# [What is expected]
The following data needs to be repeated exactly, with all images excluded.

# [Data]
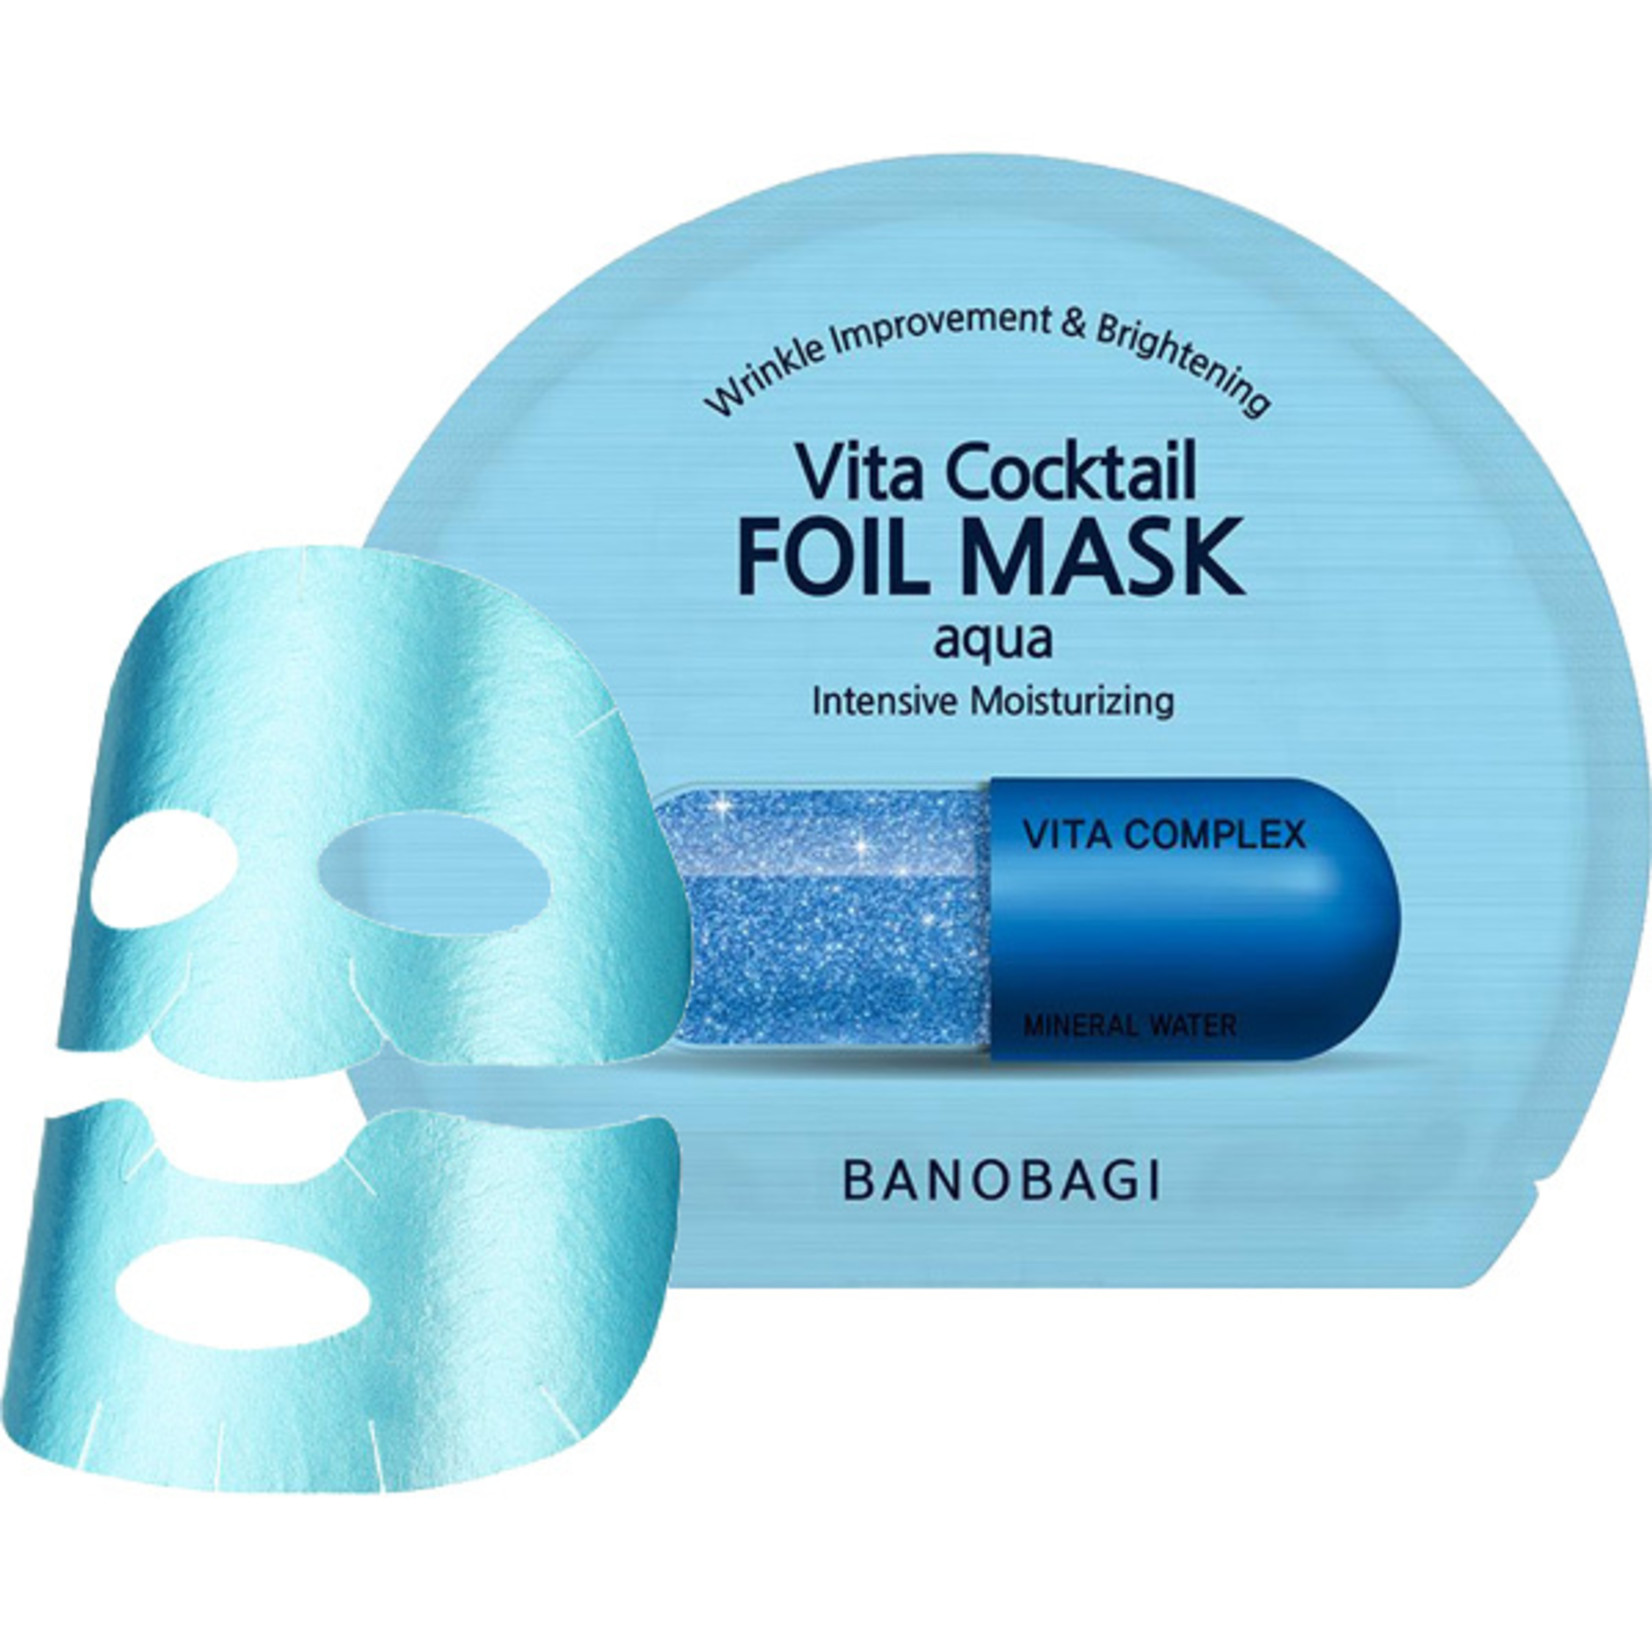 BANOBAGI Vita Cocktail Foil Mask Aqua
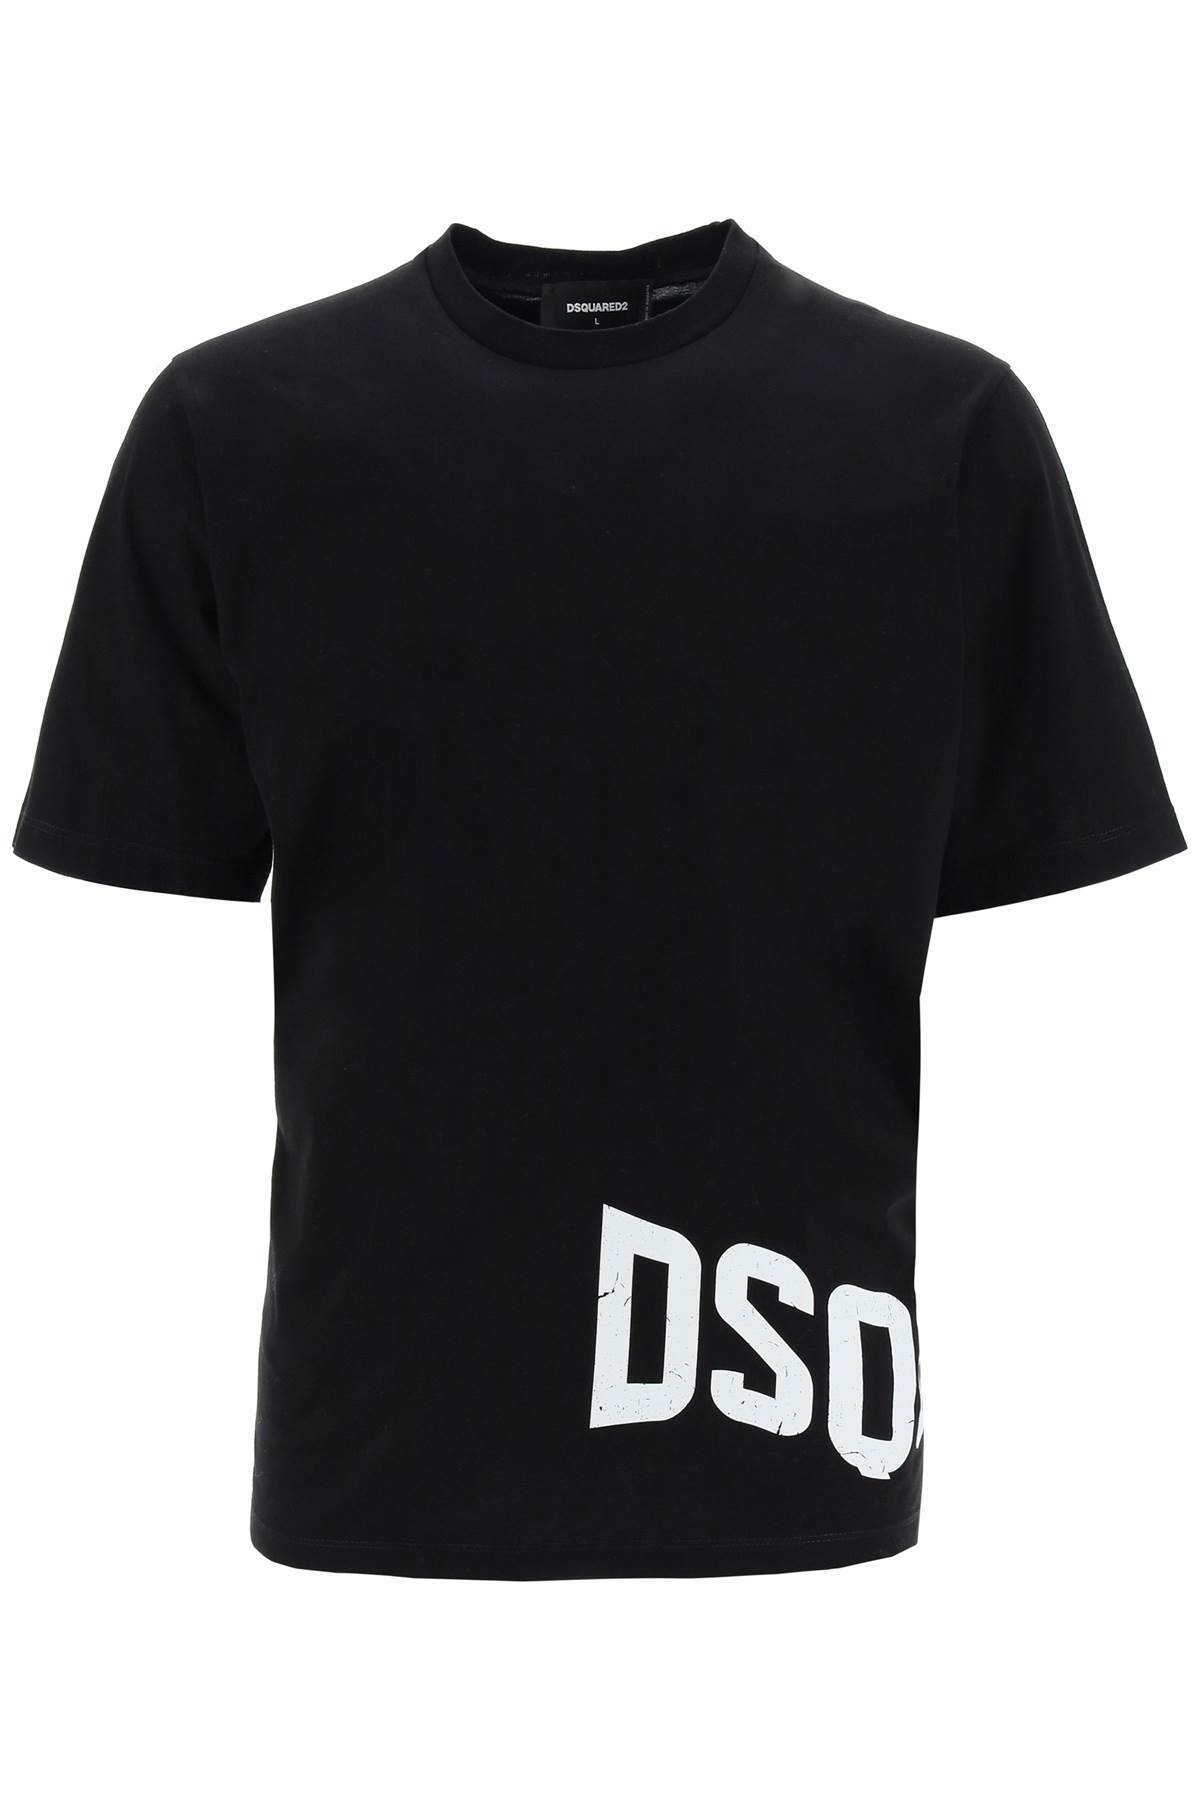 Dsquared2 Side Logo T-shirt
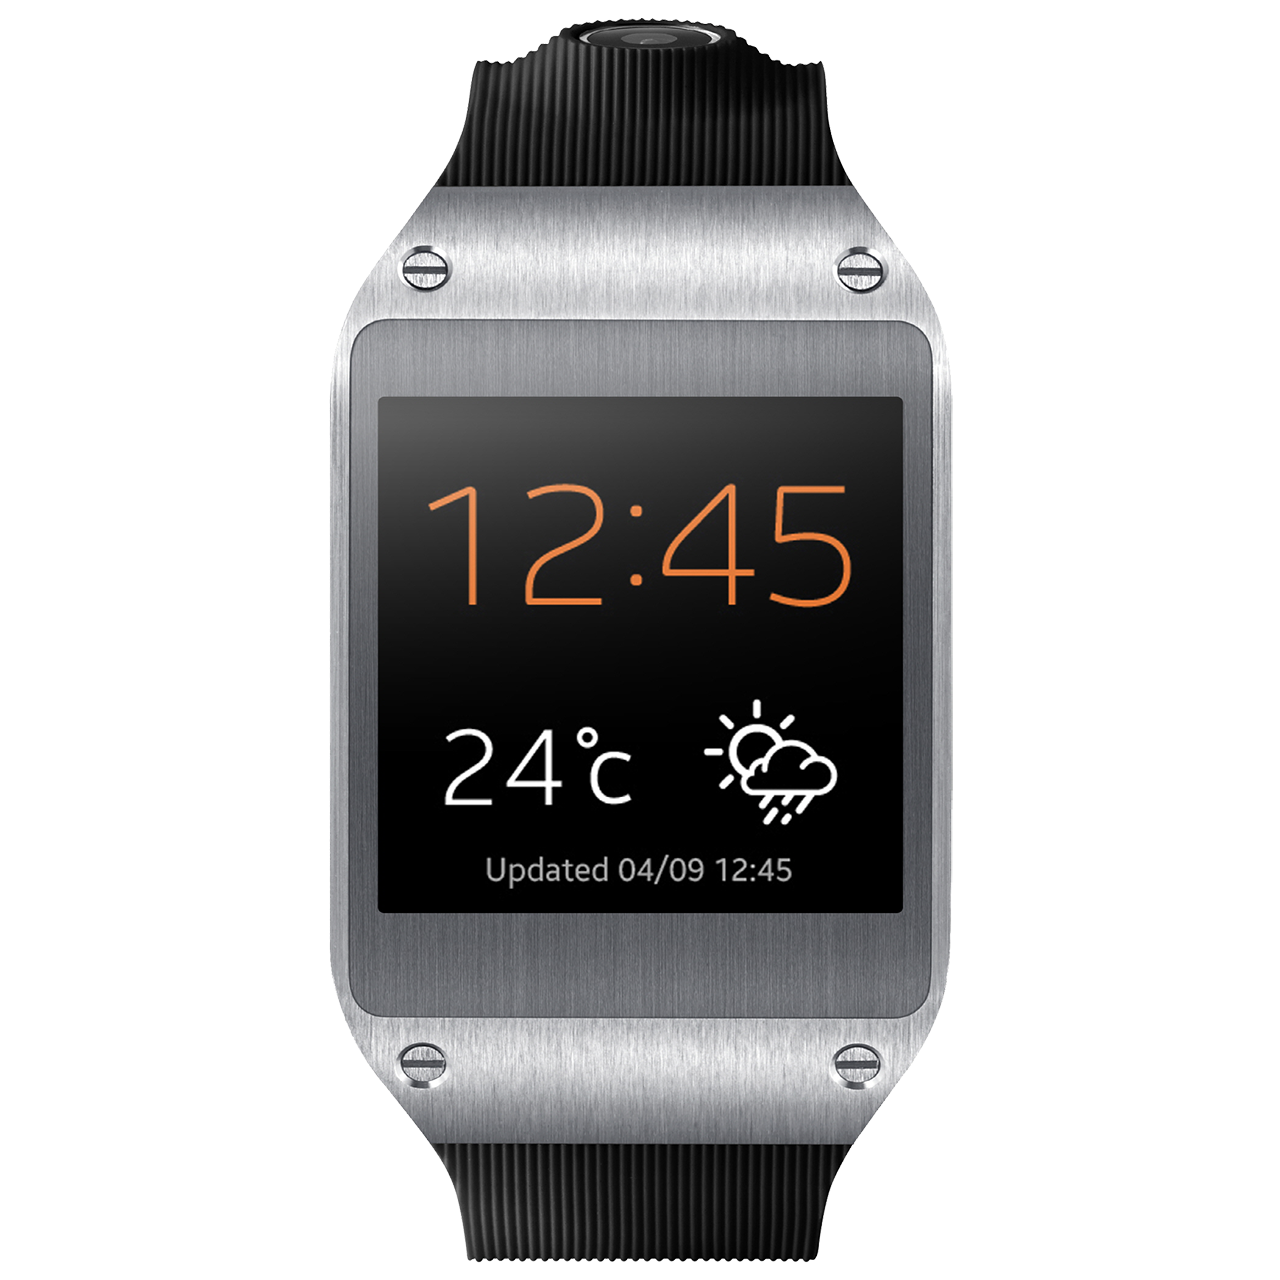 Smarte Samsung-Uhr

# [Solved problem]
 BANOBAGI Vita Cocktail Foil Mask Aqua
 Dsquared2 Side Logo T-shirt
 Smarte Samsung-Uhr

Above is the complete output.